Data
Content starts
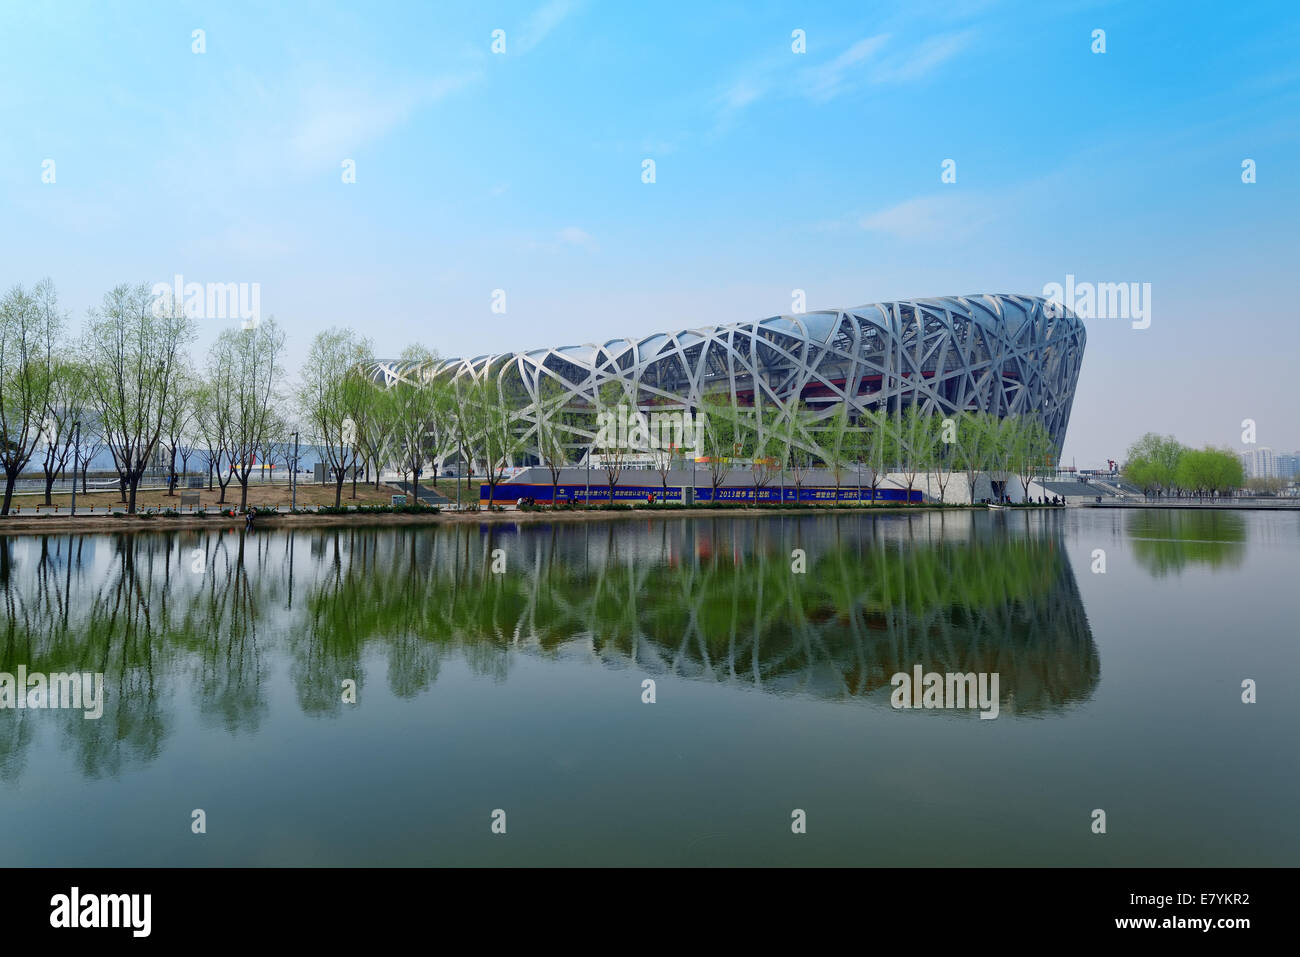 BEIJING, CHINA - APR 7: Estadio Nacional de Pekín con blue sky el 7 de abril de 2013 en Beijing, China. El estadio fue creado para los Juegos Olímpicos y Paralímpicos de Verano de 2008. Foto de stock
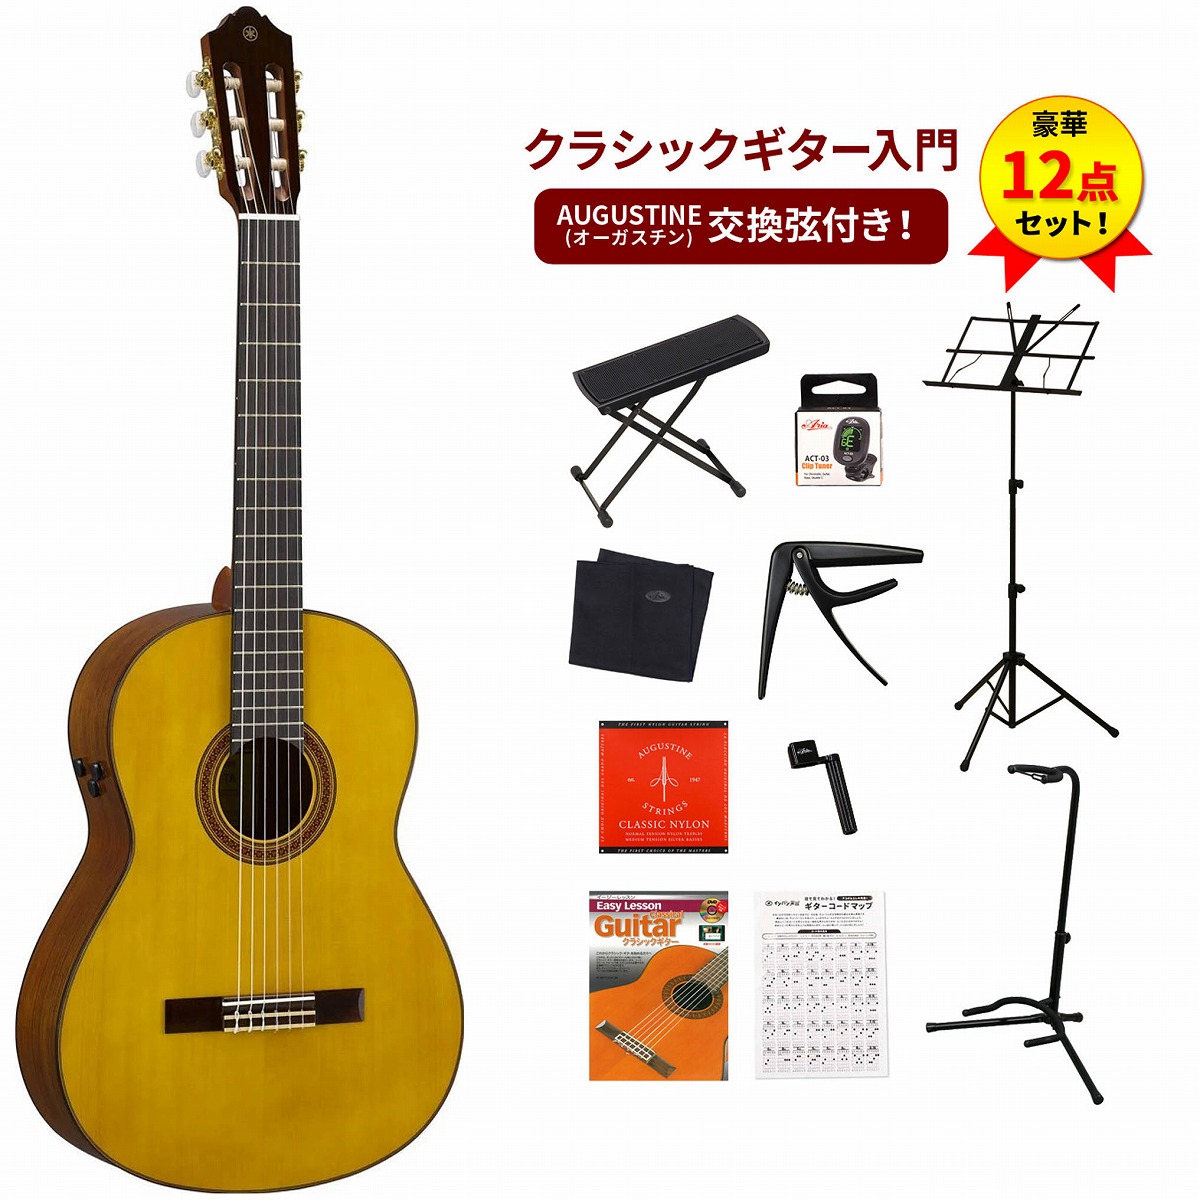 YAMAHA / CG-TA NT(ナチュラル) 【TransAcoustic】 ヤマハ クラシックギター エレガット ナイロンストリングス  クラシックギター入門豪華12点セット
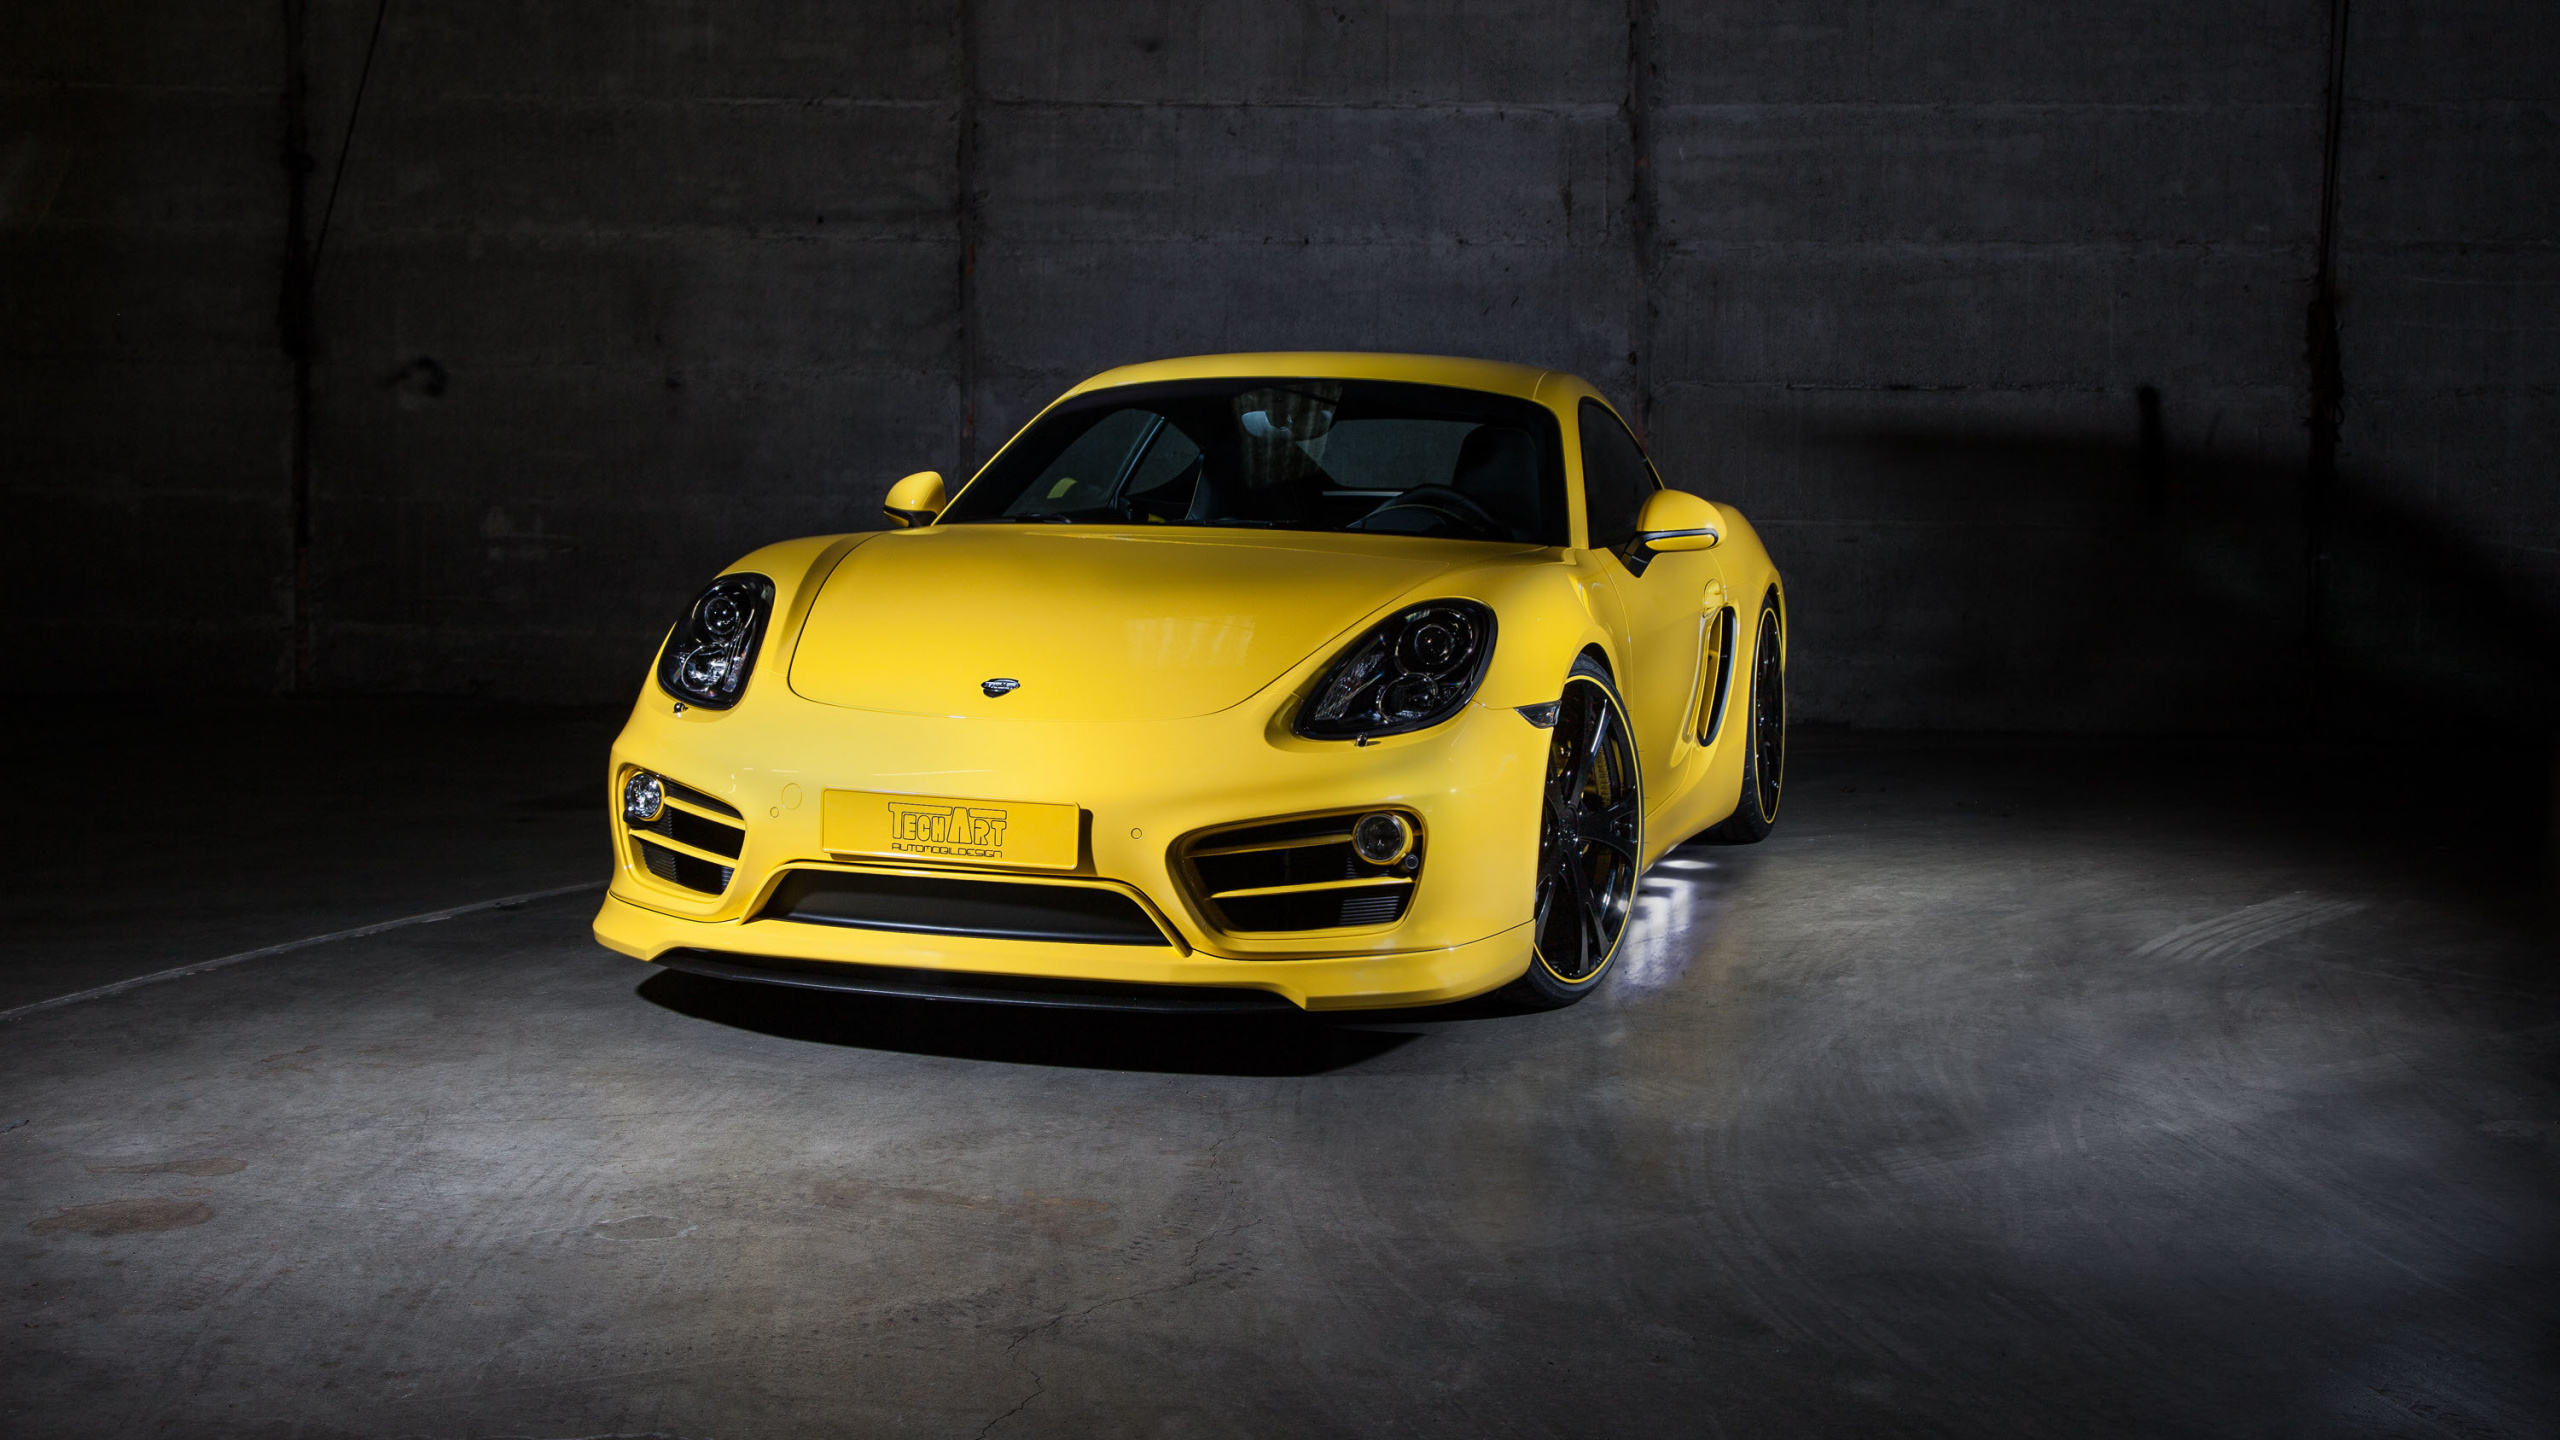 Gelber Porsche 911 in Einer Garage Geparkt. Wallpaper in 2560x1440 Resolution
Content ends
What you should do
In the data above, find the line containing "YAMAHA / CG-TA"; from there, please write out each line through the end, exactly, with the pictures omitted.

Exercise solution
 YAMAHA / CG-TA NT(ナチュラル) 【TransAcoustic】 ヤマハ クラシックギター エレガット ナイロンストリングス  クラシックギター入門豪華12点セット
 Gelber Porsche 911 in Einer Garage Geparkt. Wallpaper in 2560x1440 Resolution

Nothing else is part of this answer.